Traditional term-based search, based on term frequency models like BM25, is widely used and effective for many search applications. However, these term-based search techniques require significant investment in time and expertise to tune them to account for the meaning or relevance of the terms searched.  Today, more and more developers want to embed semantic understanding into their search applications. Enter machine learning embedding models that can encode the meaning and context of documents, images, and audio into vectors for similarity search. These embedded meanings can, in turn, be searched using the k-nearest neighbors (k-NN) functionality provided by OpenSearch.

Using OpenSearch as a vector database brings together the power of traditional search, analytics, and vector search in one complete package. OpenSearch’s vector database capabilities can accelerate artificial intelligence (AI) application development by reducing the effort for builders to operationalize, manage, and integrate AI-generated assets. Bring your models, vectors, and metadata into OpenSearch to power vector, term-based, and hybrid search and analytics, with performance and scalability built in.

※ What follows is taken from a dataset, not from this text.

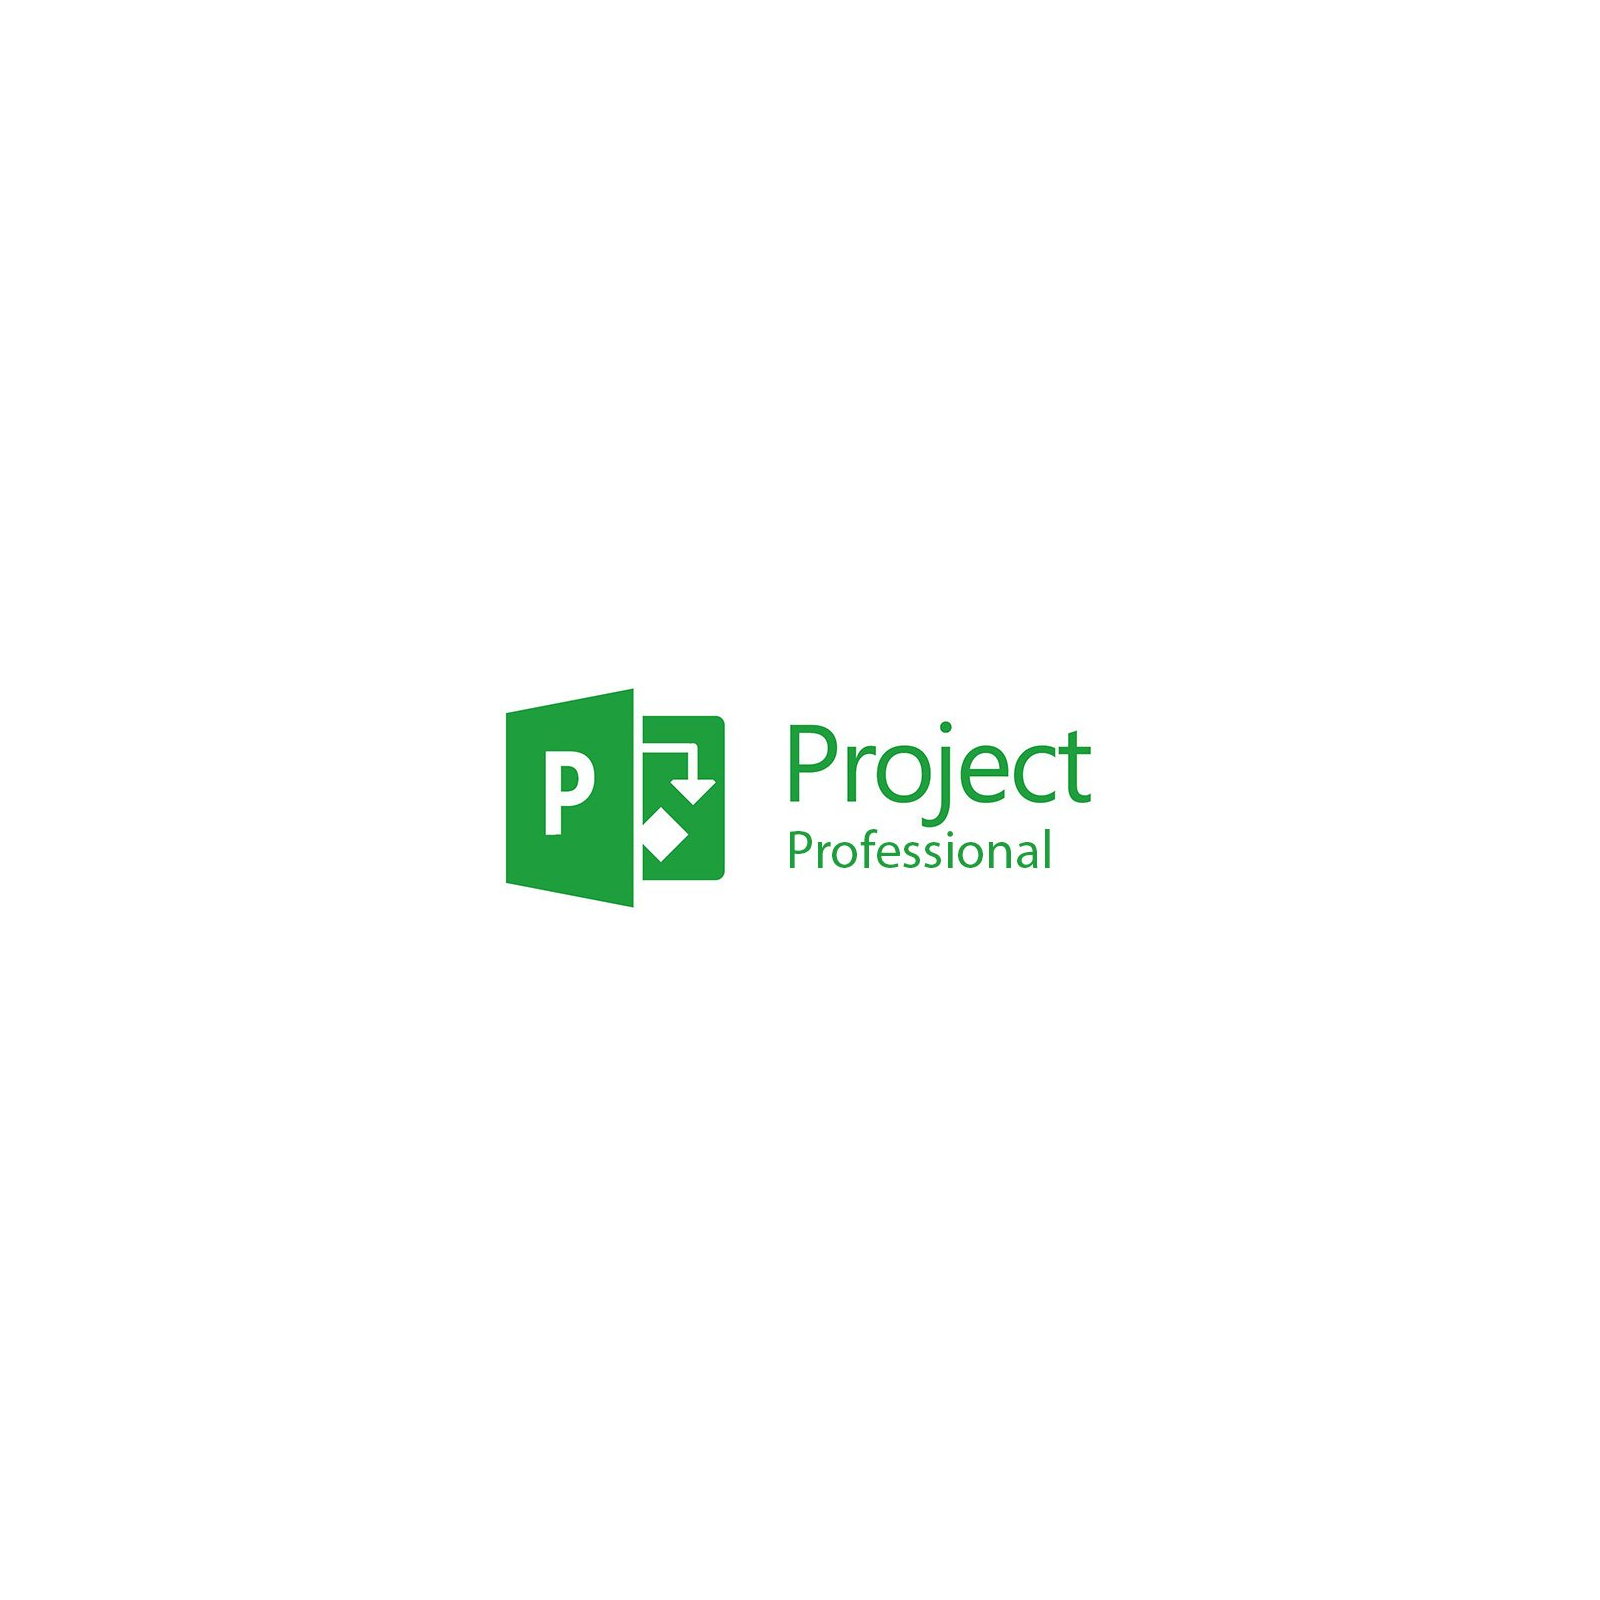 Програмна продукція Microsoft PrjctPro 2016 RUS OLP NL Acdmc w1PrjctSvrCAL (H30-05607)

Use the vector database functionality built into OpenSearch to:

  • Power AI applications on a mature search and analytics engine trusted in production by tens of thousands of users.
  • Build stable, scalable applications with a data platform proven by users to scale to up to tens of billions of vectors in production, with the low latency and high availability required by mission-critical systems.
  • Choose open-source tools and avoid lock-in with Apache 2.0-licensed software and integrations with popular open frameworks like LangChain and LlamaIndex, with the option to use managed services from major cloud providers.
  • Future-proof your next-generation AI applications with vector, term-based, and hybrid search, analytics, and observability capabilities, all in one software suite.

What is a vector database?

Information comes in many forms: unstructured data, like text documents, rich media, and audio, and structured data, like geospatial coordinates, tables, and graphs. Innovations in AI have enabled the use of models, or embeddings, to encode all types of data into vectors. These vectors are data points in a high-dimensional space that capture the meaning and context of an asset, allowing search tools to find similar assets by searching for neighboring data points.

Vector databases allow you to store and index vectors and metadata, unlocking the ability to use low-latency queries to discover assets by degree of similarity. Typically powered by k-NN indexes built using algorithms like Hierarchical Navigable Small Worlds (HNSW) and Inverted File (IVF) System, vector databases augment k-NN functionality by providing a foundation for applications like data management, fault tolerance, resource access controls, and a query engine.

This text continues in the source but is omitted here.